Sólo hay por tanto acontecimiento auténtico en el punto crítico en que la memoria se une a la espera, en que la experiencia va al encuentro de los hechos por llegar. Aunque esperado, sobrevive contra toda espera. Y siempre aparece prematuro, intempestivo, a contratiempo. Es lo que hace su fuerza. Tiene sentido “a partir de su futuro” y de las posibilidades nuevas que inaugura. Lleva en sí “las condiciones de su propia inteligencia”. Sólo su posteridad da la medida de esta novedad. Ya que remonta a la raíz de los posibles. Altera su horizonte y proclama “una revolución de los tiempos” (Romano, 1999).

El tiempo periodístico, al contrario, no tiene porvenir. Fabricante en serie de la actualidad y del hecho diverso, la producción mediática confunde la novedad efímera con aquella que dejará huella. Su presente siempre recomenzado, no se sitúa en una perspectiva de larga duración que mostraría su sentido. Con mucho refuerzo de titulares, de scoops y de revelaciones, ofrece a bajos precios simulacros de acontecimientos. “Una vez más, el instrumento nos ha sobrepasado”, constataba Karl Kraus. La época “confunde tan fácilmente la edición especial con el acontecimiento mismo” (Kraus, 1999) que, a pesar de su algarabía, las trompetas de la reputación mediática ya no derriban ninguna muralla.

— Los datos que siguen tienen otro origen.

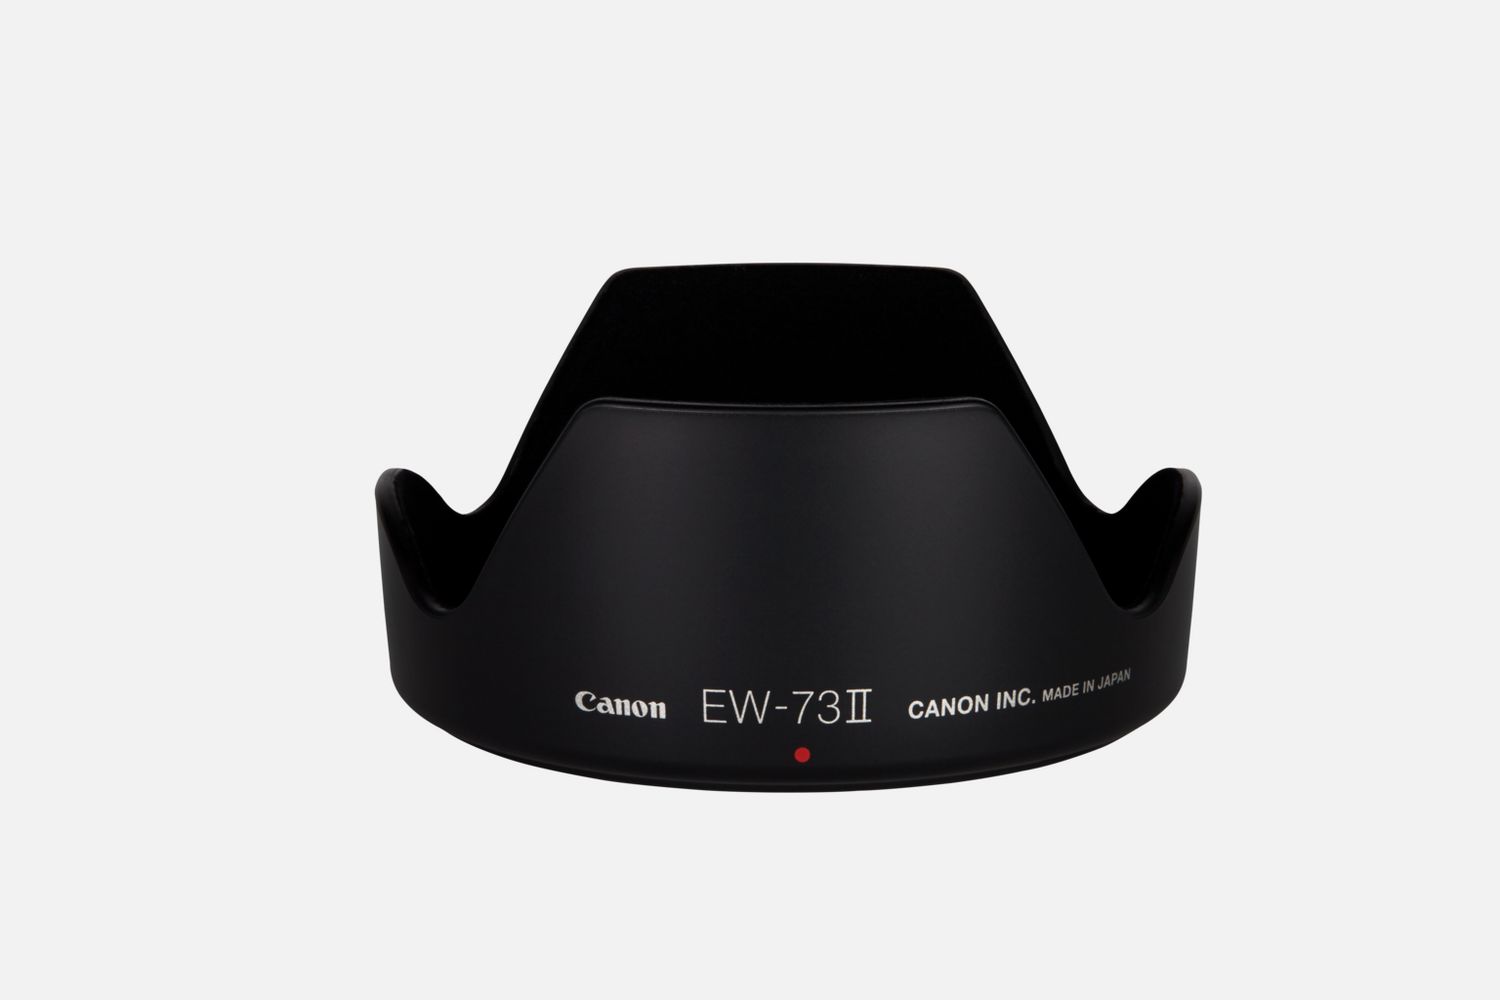 Passt auf das Objektiv EF 24-85mm 1:3,5-4,5, reduziert Reflexionen, die durch direkt auf die Frontlinse auffallendes Licht hervorgerufen werden.
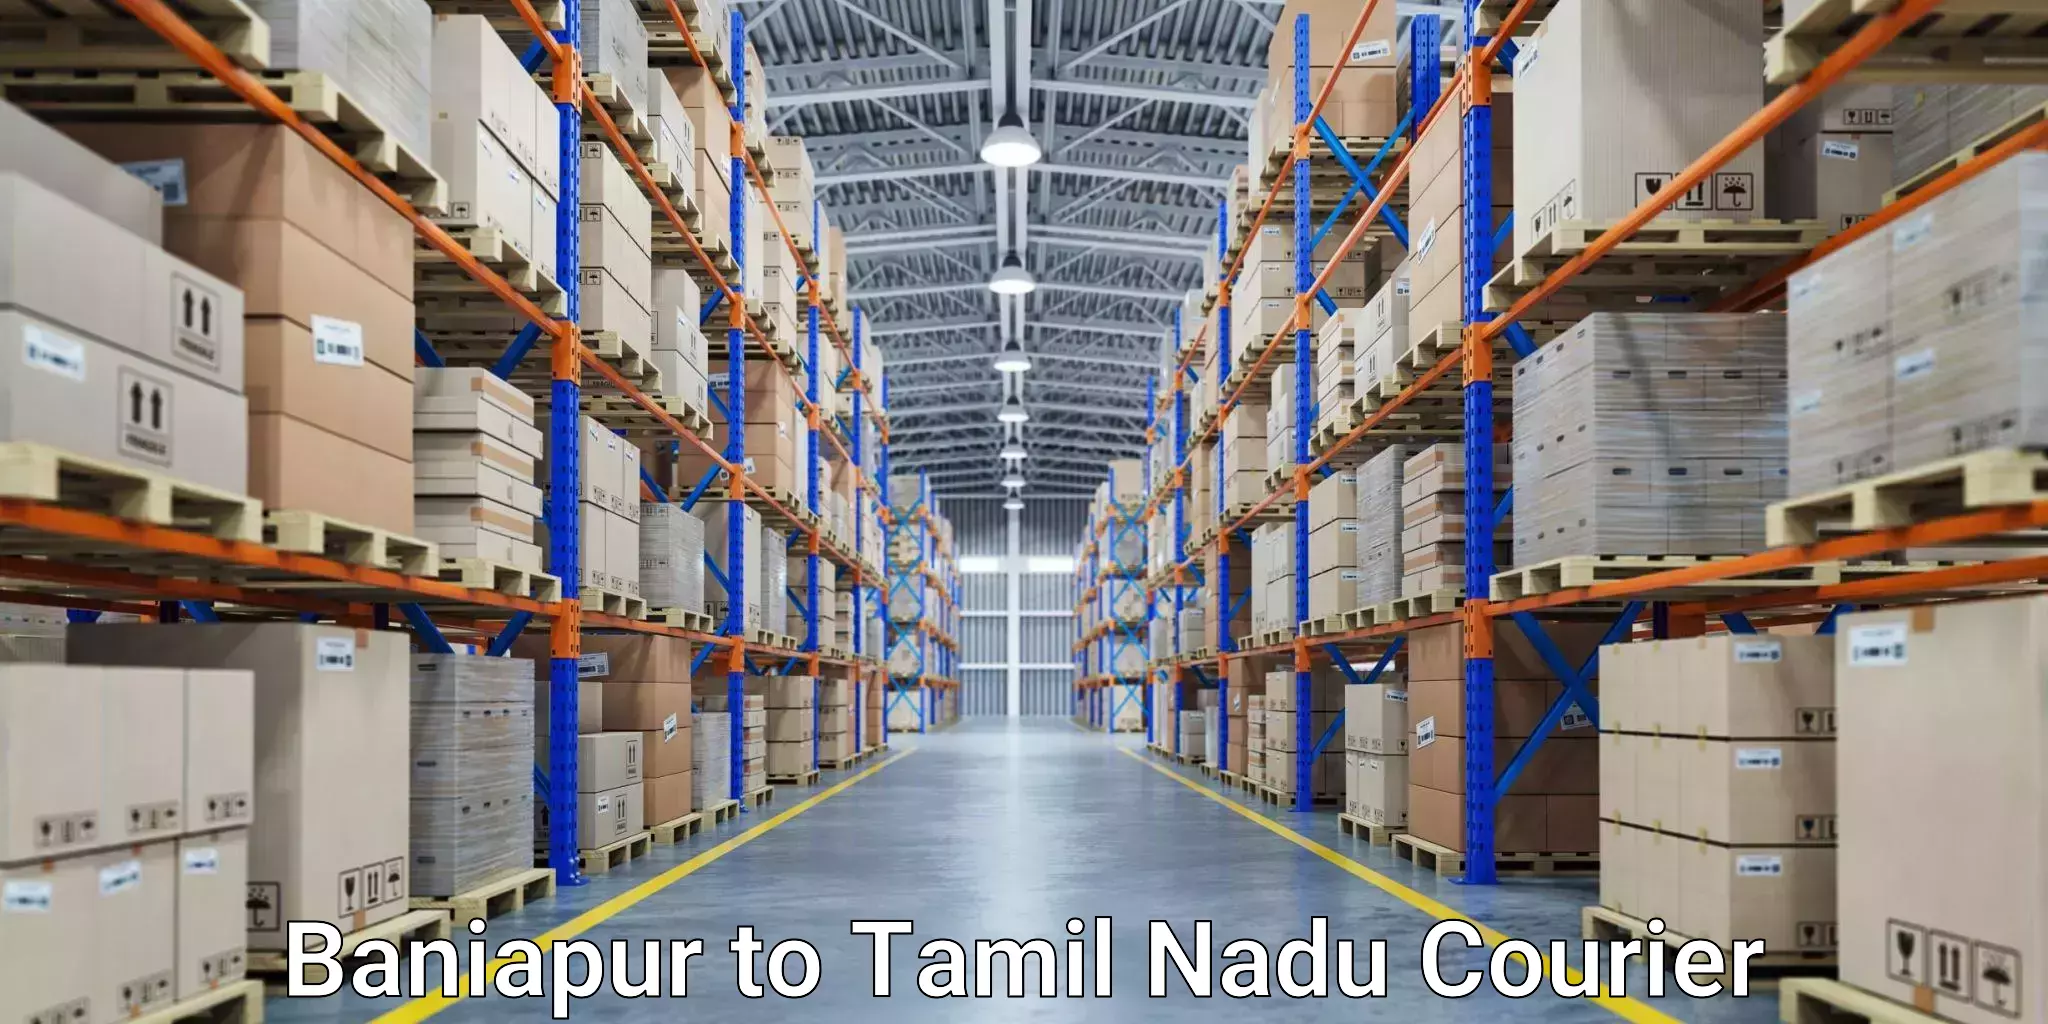 Digital courier platforms Baniapur to Tamil Nadu Veterinary and Animal Sciences University Chennai

Una política del acontecimiento es un arte estratégico del contratiempo. Necesariamente intempestiva, llega forzosamente siempre demasiado pronto, y siempre demasiado tarde. La hora propicia es siempre prematura. La idea de revolución aparece como un punto de sutura entre necesidad histórica y contingencia eventual. Porque la acción política no sólo se expone a la incertidumbre de sus resultados, sino que produce ella misma sus propias contingencias. ¿Cómo dar cuenta de ello? ¿Por la astucia hegeliana de la razón? La contingencia designa entonces la relación mantenida entre la fragilidad de lo posible y la consistencia de lo efectivo. Irreductible tanto al puro azar como a las lagunas de un conocimiento incompleto, se sitúa en el corazón mismo de la historia, concebida, con palabras de Hegel, como “el acto por el cual el espíritu toma la forma del acontecimiento”.

“La prueba de esta contingencia” es una experiencia a menudo dolorosa de las sinrazones históricas: cómo conciliar la incertidumbre del acontecimiento y la racionalidad supuesta en el concepto mismo de historia? Una historia sin acontecimientos sería tan impensable como un acontecimiento sin historia. Sólo se vuelve inteligible a través de la “trama cambiante” de lo que sucede, pero podría no suceder. La simple realización de un fin anunciado suprimiría en cambio “la prueba de la contingencia” (Mabille, 1999).

VIII

¿De qué necesidad histórica es parte aleatoria el acontecimiento? De la necesidad de la lucha y del conflicto, porque sólo la lucha es previsible, no su desenlace. El modo de producción capitalista, insiste Althusser, no es engendrado por el modo de producción feudal “según el régimen de génesis y filiación”. Surge del encuentro –tan insólito como el del paraguas y la máquina de coser en la mesa de operaciones– entre el dinero capitalizado, la fuerza de trabajo formalmente libre y la innovación tecnológica. El acontecimiento es la forma de esta combinación no necesaria.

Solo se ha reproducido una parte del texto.